Consider including these in your gamification design
Many designers are using gamification to intrigue their users and keep them involved with an application over time. However, you want to make sure that the mechanics you are using are sound, and will make the most out of your effort. Some ludemes (things like badges, experience points, achievements, levels) may look useful since they are used in many games, but can be overused and may eventually turn a user off. Here are some things that will work in gamification.
Everyone loves a prize, right? Of course. And so do your users. Some apps give reward points just for checking into businesses. Some give you rewards just for watching TV. The points can be redeemed for actual products or services. Prizes could also include discounts or upgrades. However, if they are too difficult, people will not want to use them, and if you decide to only use prizes for a certain amount of time, people will end up disliking you for taking it away. So if you start with prizes, stay with them.
Upvotes, Likes, Follows, etc…
Validations show the popularity of a person or thing. Upvotes, likes, follows, retweets, favorites, etc. show that popularity among other users.
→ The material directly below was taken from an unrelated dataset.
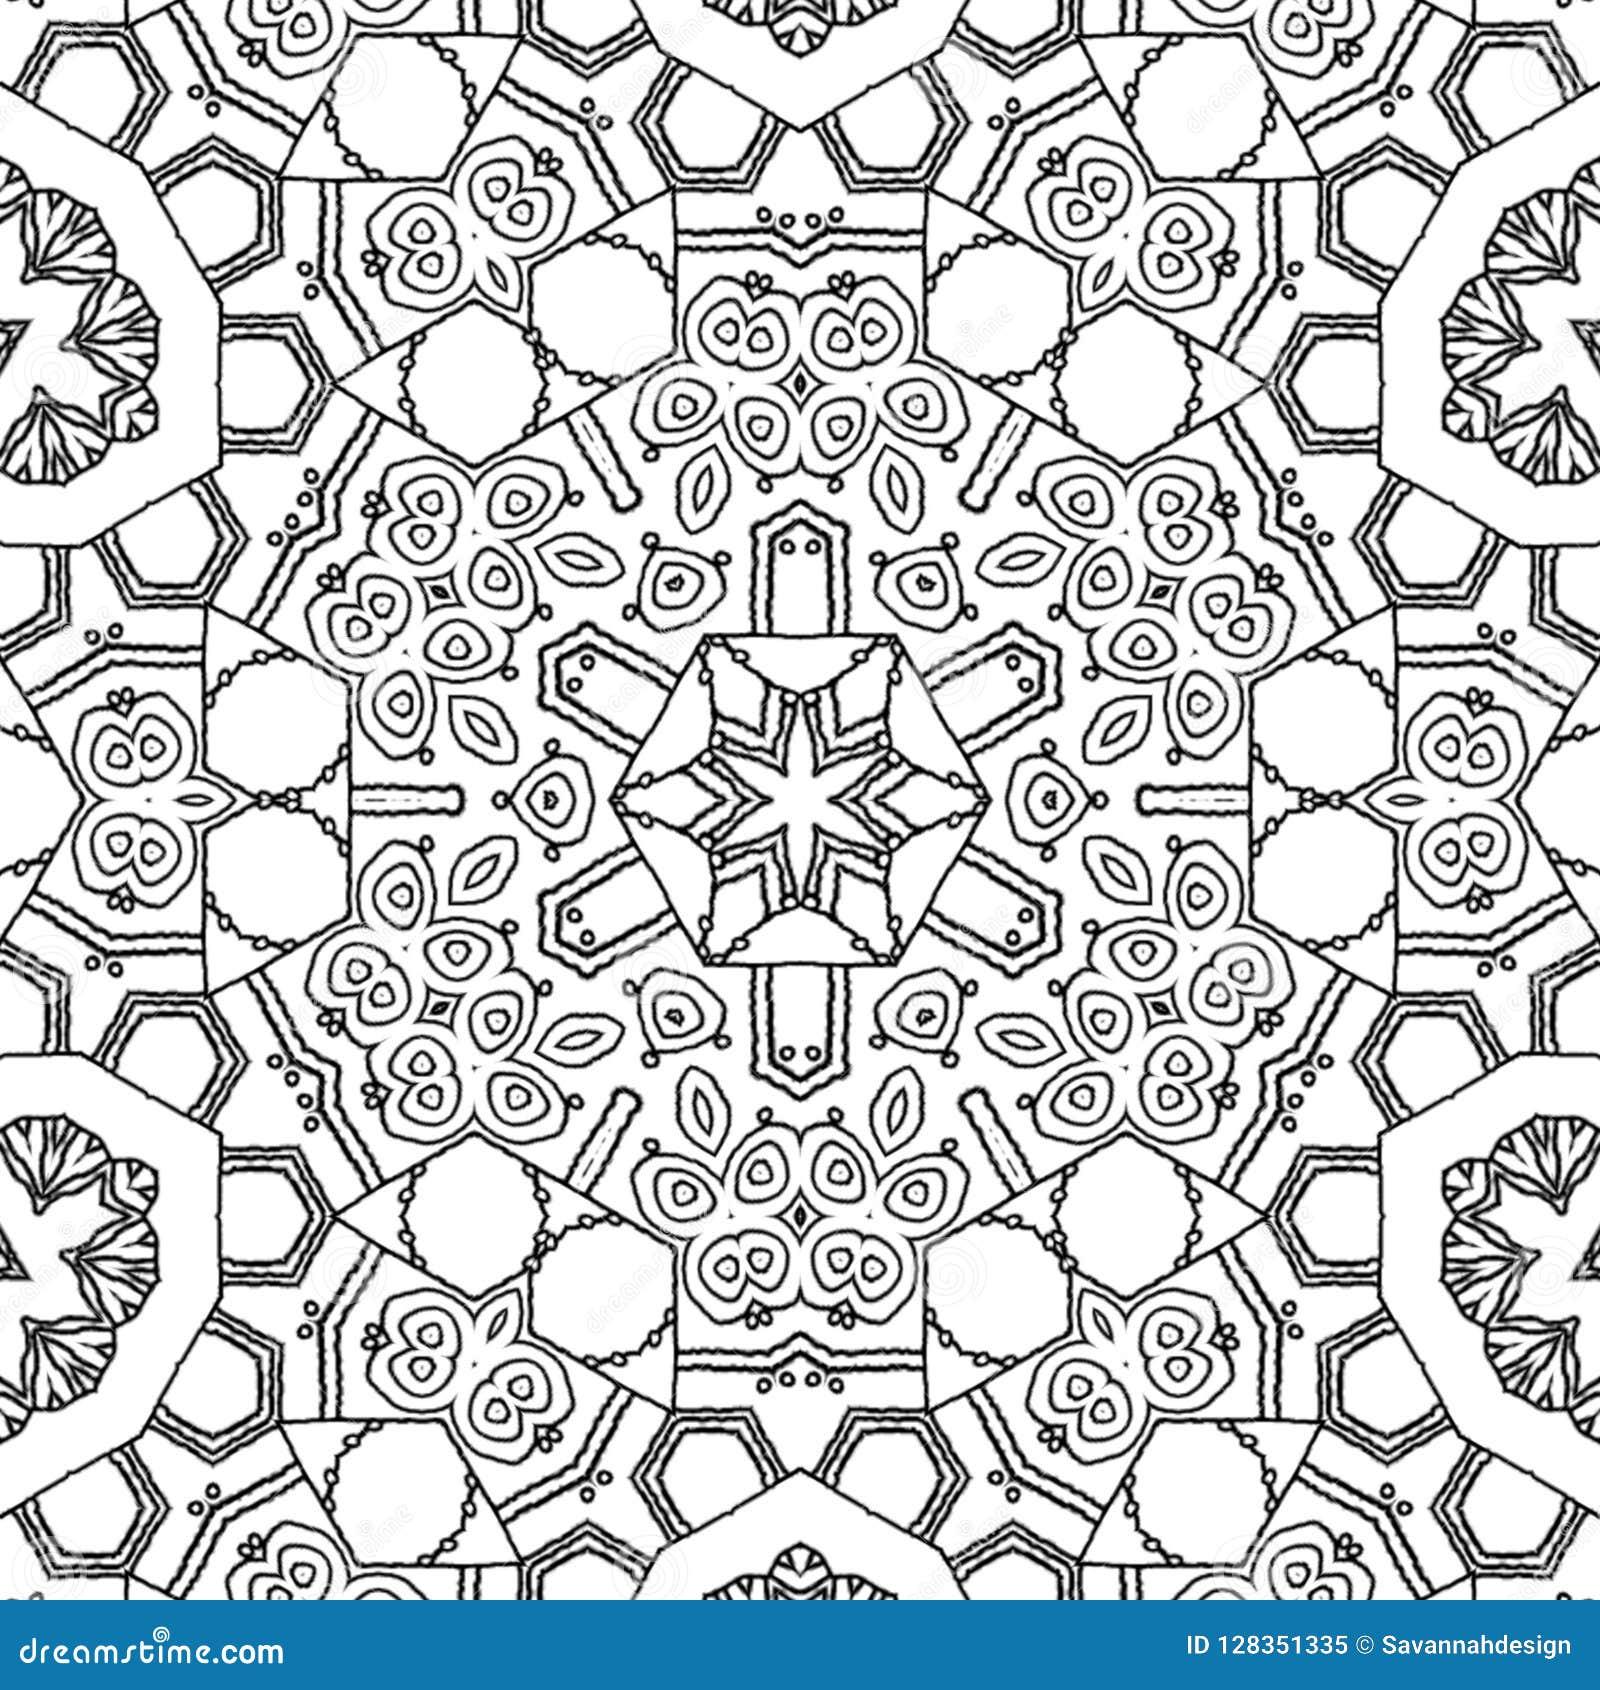 Coloring Page Mandala Star Ornament Stock Illustration

Since popularity is the main factor, communities easily grow, therefore this is a strong thing to implement. One downside is laid out by Tadhg Kelly in TechCrunch when he says, “[validation] also requires that the source content or service is taken somewhere outside of the provider’s control, so you need to be comfortable with that.”
If you are set on using achievements, you must ensure that they serve a purpose beyond that of “achievement earned.” Whoever decides the achievement scale has a complete knowledge of why each achievement has a certain tile or meaning. Make sure that is related to the user. Otherwise only the creator will actually understand it. What would be the point of that? So make them amusing! Give users a little laugh and something they could quickly show their friends for a quick laugh.
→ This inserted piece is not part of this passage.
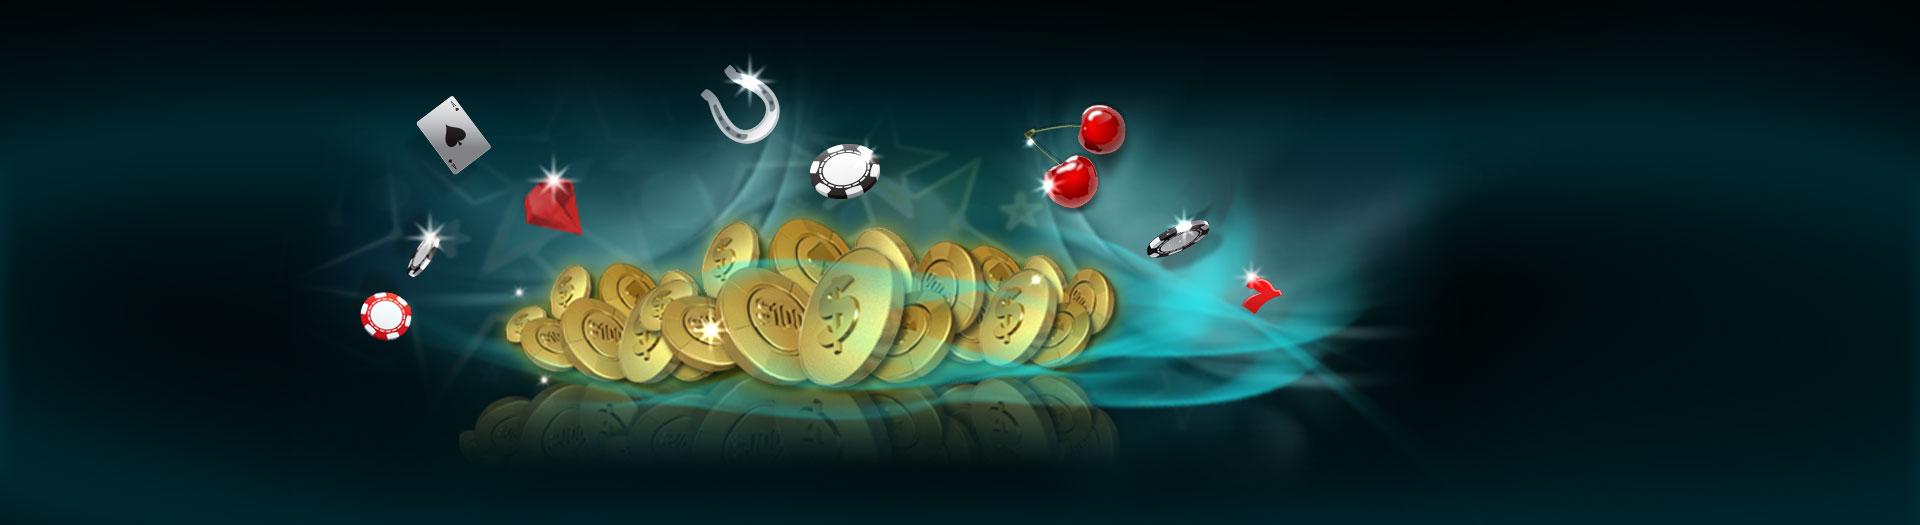 888 casino promotions el Gordo online-778180

The (Lack of) Naïvety of the User
One of the most important things to keep in mind is that the user is not naive. They have real working brains in their heads. Kelly reminds you,
“It may seem as though gamifying is all about adding various quantities (levels, badges, progress bars) to actions and creating airs of mystery. It may also seem that users are sheep who follow every system like this with more significance than they actually have. The truth is . . . that if users can’t see a point behind the number then they will soon drift away. ”
Gamification is a lot of fun for a user. It keeps them connected to an app in a positive way, which is good for business. This allows for designers to come up with new, effective experiences that attract users in different ways.